Dynamic Chunked Pipeline Parallel (CPP)

Dynamic Chunked Pipeline Parallel (CPP)#

TL;DR CPP uses profiling-based dynamic chunking to equalize per-chunk latency and eliminate pipeline bubbles in PP scenarios.

Background#

Problem Statement#

In Pipeline Parallelism (PP) + Chunked Prefill scenarios, long sequences are split into fixed-size chunks that pass through the pipeline sequentially. Due to the O(n²) computational complexity of Self-Attention, chunks of the same size take increasingly longer to process as the prefix sequence grows:

Chunk 1 (history=0):     ██████         → Time T1
Chunk 2 (history=4K):    ████████       → Time T2 > T1
Chunk 3 (history=8K):    ██████████     → Time T3 > T2
Chunk 4 (history=12K):   ████████████   → Time T4 > T3

This time variance propagates across pipeline stages, causing increased idle waiting (Pipeline Bubble) and significantly reducing GPU utilization.

Solution Overview#

Dynamic Chunked Pipeline Parallel uses a profile-first, then predict strategy:

Fixed Chunking (equal chunk size, unequal time):

          Stage 0  |■■■■|■■■■■■|■■■■■■■■|■■■■■■■■■■|
          Stage 1  |    |■■■■  |■■■■■■  |■■■■■■■■  |■■■■■■■■■■|
                        ↑ bubble  ↑ bubble   ↑ bubble

Dynamic Chunking (unequal chunk size, equal time):

          Stage 0  |■■■■■■|■■■■■■|■■■■■■|■■■■■■|
          Stage 1  |      |■■■■■■|■■■■■■|■■■■■■|■■■■■■|
                          ↑ no bubble — stages stay in sync

The core idea is borrowed from SGLang’s dynamic chunking mechanism, with additional enhancements such as online calibration.

Design#

Quadratic Latency Model#

Transformer prefill latency grows quadratically with sequence length due to the O(n²) Self-Attention mechanism:

\[f(l) = a \cdot l^2 + b \cdot l + c\]

Where:

\(a \cdot l^2\): Attention overhead (quadratic)
\(b \cdot l\): Linear operations (FFN, projection)
\(c\): Fixed overhead (kernel launch)

Startup Phase: Profiling#

During engine initialization, the system profiles actual model performance:

Sampling: Uniformly sample 64 different chunk sizes from base_chunk_size down to near 0
Execution: Perform real model forward passes for each chunk size and precisely measure latency (milliseconds)
Fitting: Fit the quadratic model using least squares
Target Setting: Calculate target per-chunk latency based on base_chunk_size

In PP mode, all workers execute forward passes to stay synchronized, but only the first PP rank’s timing results are used for scheduling decisions.

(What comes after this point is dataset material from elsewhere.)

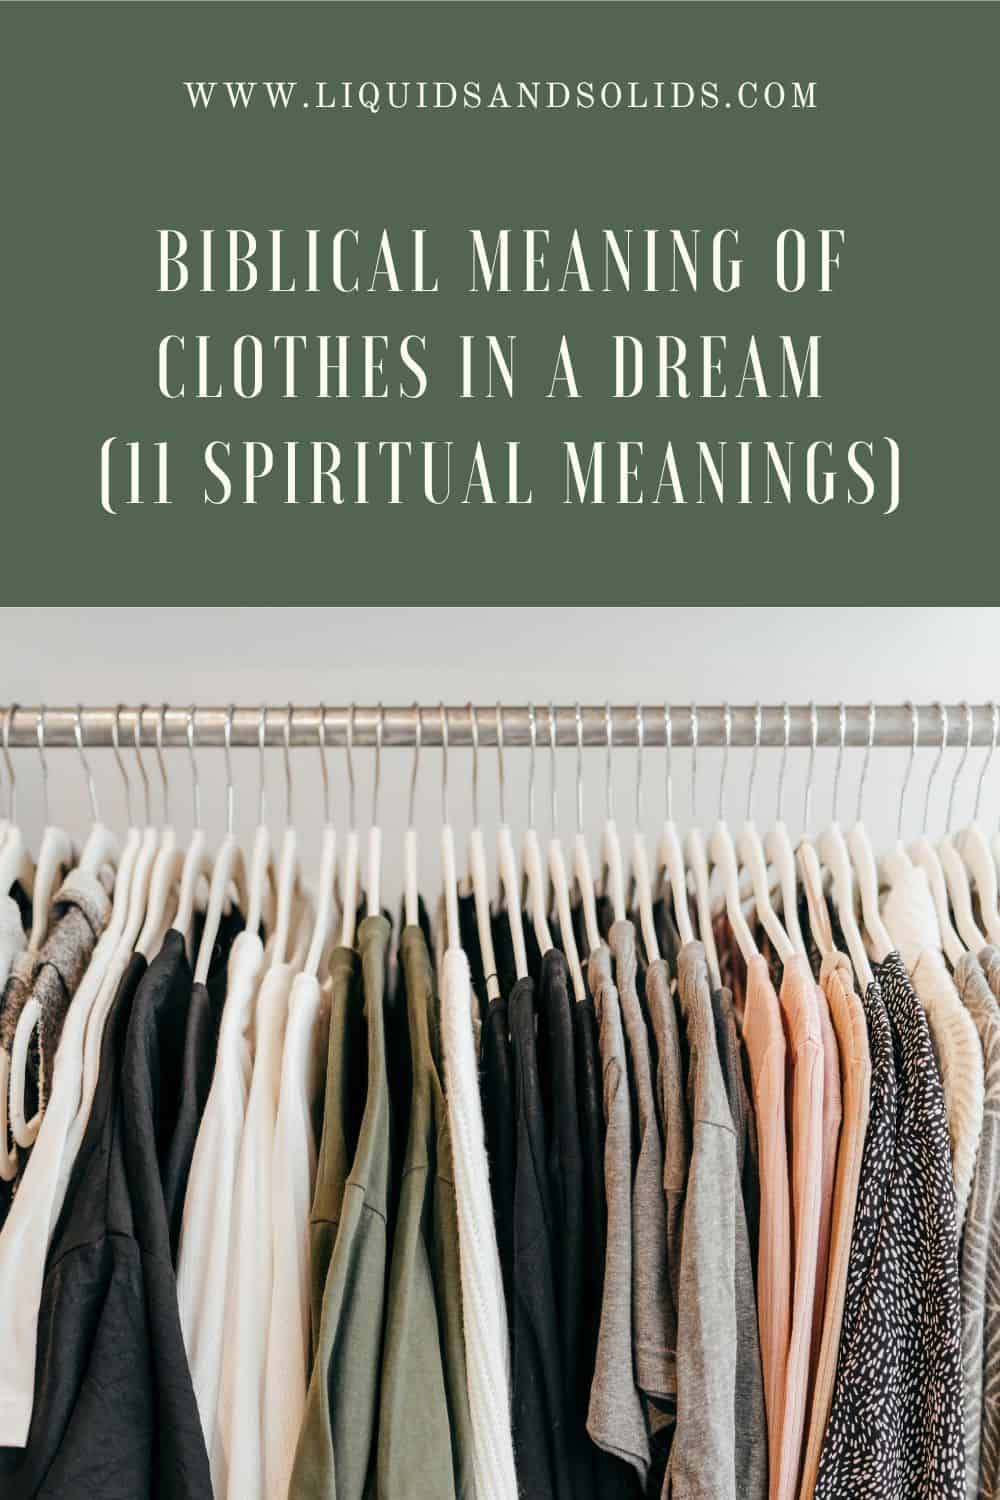  المعنى الكتابي للملابس في الحلم (11 معاني روحية)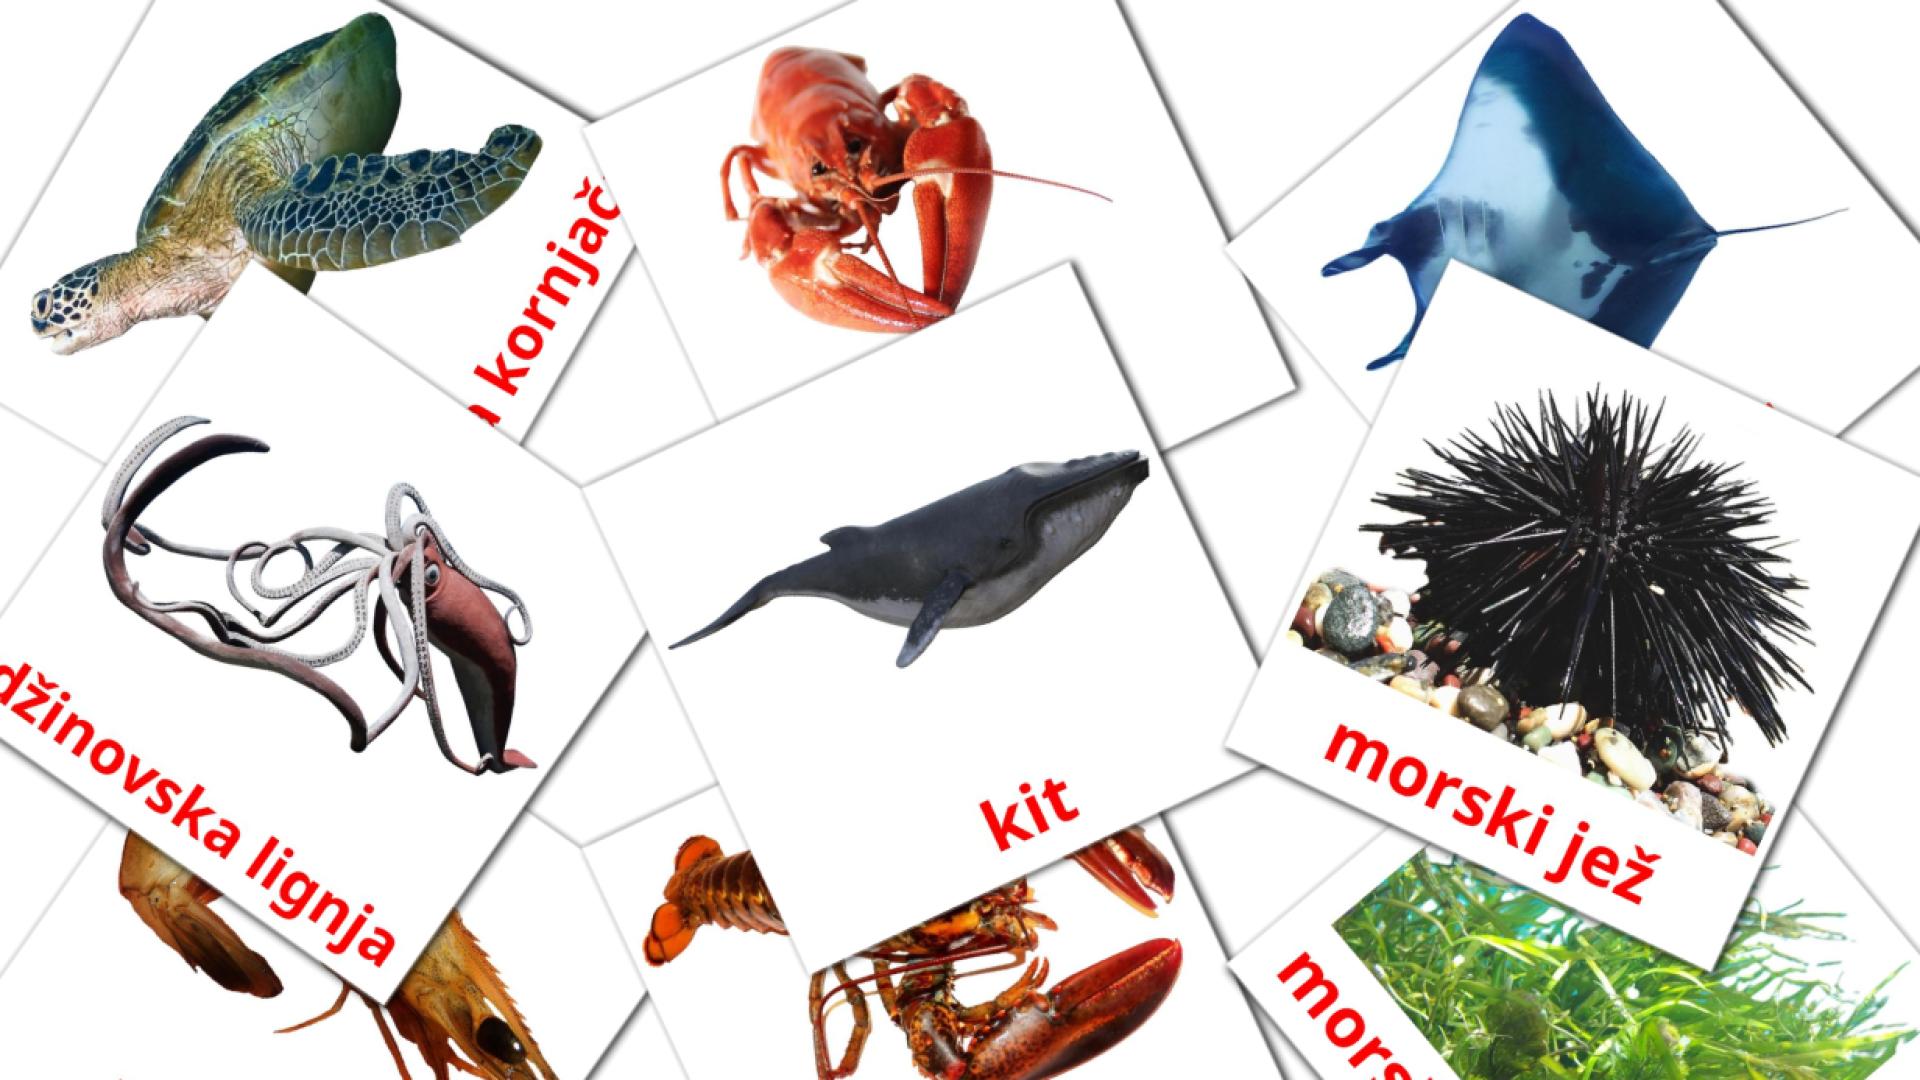 Bildkarten für morske životinje

Runtime Phase: Dynamic Prediction#

Given current prefix length \(L\) and target latency \(T = f(\text{base\_chunk\_size}) - f(0)\), the system solves for the next chunk size \(x\):

\[f(L + x) - f(L) = T\]

Expanding to:

\[a \cdot x^2 + (2aL + b) \cdot x - T = 0\]

Solved using the quadratic formula:

\[x = \frac{-(2aL + b) + \sqrt{(2aL + b)^2 + 4aT}}{2a}\]

The result goes through post-processing:

Smoothing: Blend predicted chunk size with base_chunk_size using smooth_factor
Alignment: Round down to multiple of page_size (minimum 64)
Constraints: Not exceeding max_model_len - history_len and max_num_scheduled_tokens

Online Calibration#

Since profiling only covers sequences up to max_num_batched_tokens (typically shorter than real workloads), the system continuously refines the model at runtime.

Extended Model (two variables):

\[f(C, H) = a \cdot C(C+H) + b \cdot (C+H) + c\]

Where \(C\) is chunk size and \(H\) is prefix history length.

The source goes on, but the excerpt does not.